Message
1
Alle
— Politik,
Wirtschaft,
Wissenschaft, die Gesellschaft insgesamt — sind inzwischen aufgeregt
und,
wie ich meine, mit guten Gründen, denn die digitale Welvernetzung
greift in die Breite und Tiefe unseres Lebens ein.
Dass wir von einem digital divide sprechen ist dafür
symptomatisch.
Der Zugang
(access) zum Internet ist zum Maßstab unserer politischen
und ökonomischen Existenz geworden.
Die Aufregung betrifft weniger
eine Disziplin, die Informatik, als vielmehr die Auswirkungen einer,
wie
man früher sagte, Weltanschauung. Wie schaut die Welt heute aus?
Antwort:
digital-vernetzt, oder genauer, digital-vernetzt geteilt.
Message
2
Die
vorherige
Weltkonstruktion
war die der Newtonschen Mechanik — sein Werk "Philosophiae
naturalis
principia mathematica" erschien 1687 —, die im 20. Jahrhundert
durch
die Quantenmechanik und durch die Digitalisierung in ihrem Geltungs-
und
Wirkungsanspruch erschüttert wurde.
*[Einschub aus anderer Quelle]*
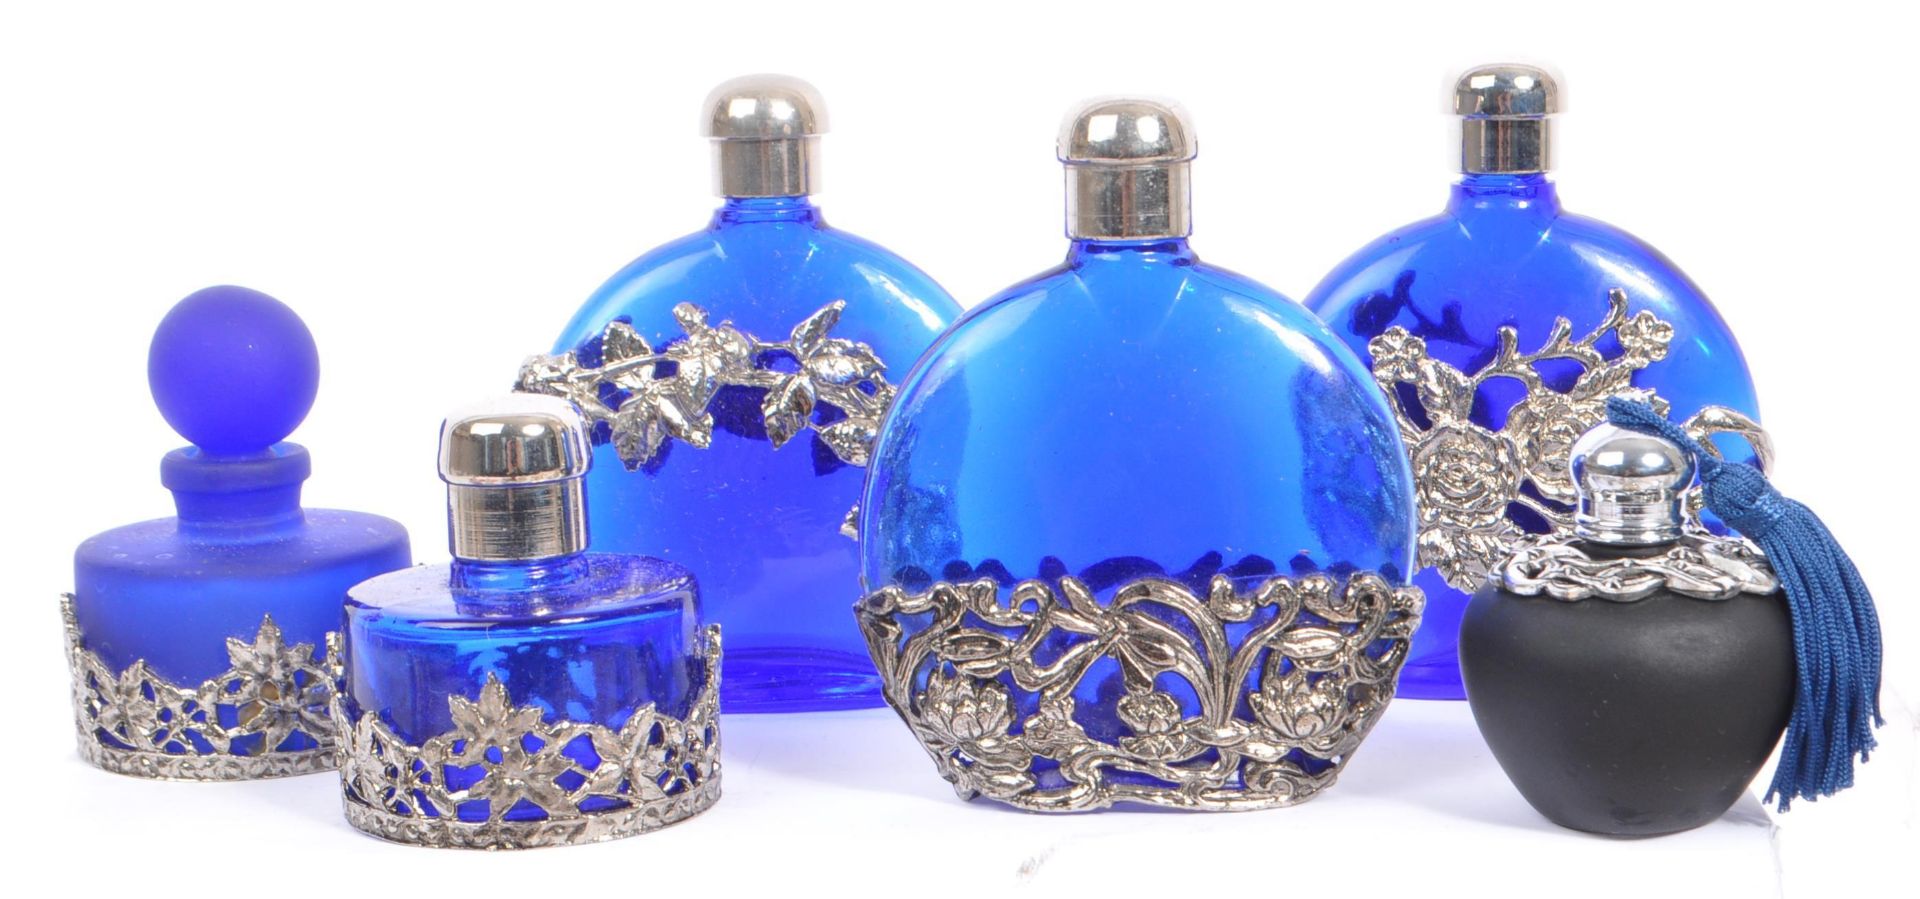 COLLECTION OF PERFUME FRAGRANCE BOTTLES - Image 7 of 10

Wie können wir existieren
innerhalb einer Weltkonstruktion, die sich durch einen in sich
geschlossenen
(immanenten) Determinismus auszeichnet?
Die theoretischen und praktischen
Herausforderungen waren gewaltig. Hume und Kant gaben jeweils eine
skeptische
und eine kritische Antwort auf die theoretische Herausforderung. Die
praktische
Antwort war die Industriegesellschaft und die neuzeitliche staatliche
Maschinerie.
Claude
Elwood Shannons Schrift
"A Mathematical Theory of Communication" (1948) stellt so etwas wie die
"Philosophiae artificialis principia informatica" dar. Sie bildet
zusammen
mit der Quantenmechanik, der "Philosophiae naturalis principia
quantica",
die Grundlage der heutigen Weltkonstruktion.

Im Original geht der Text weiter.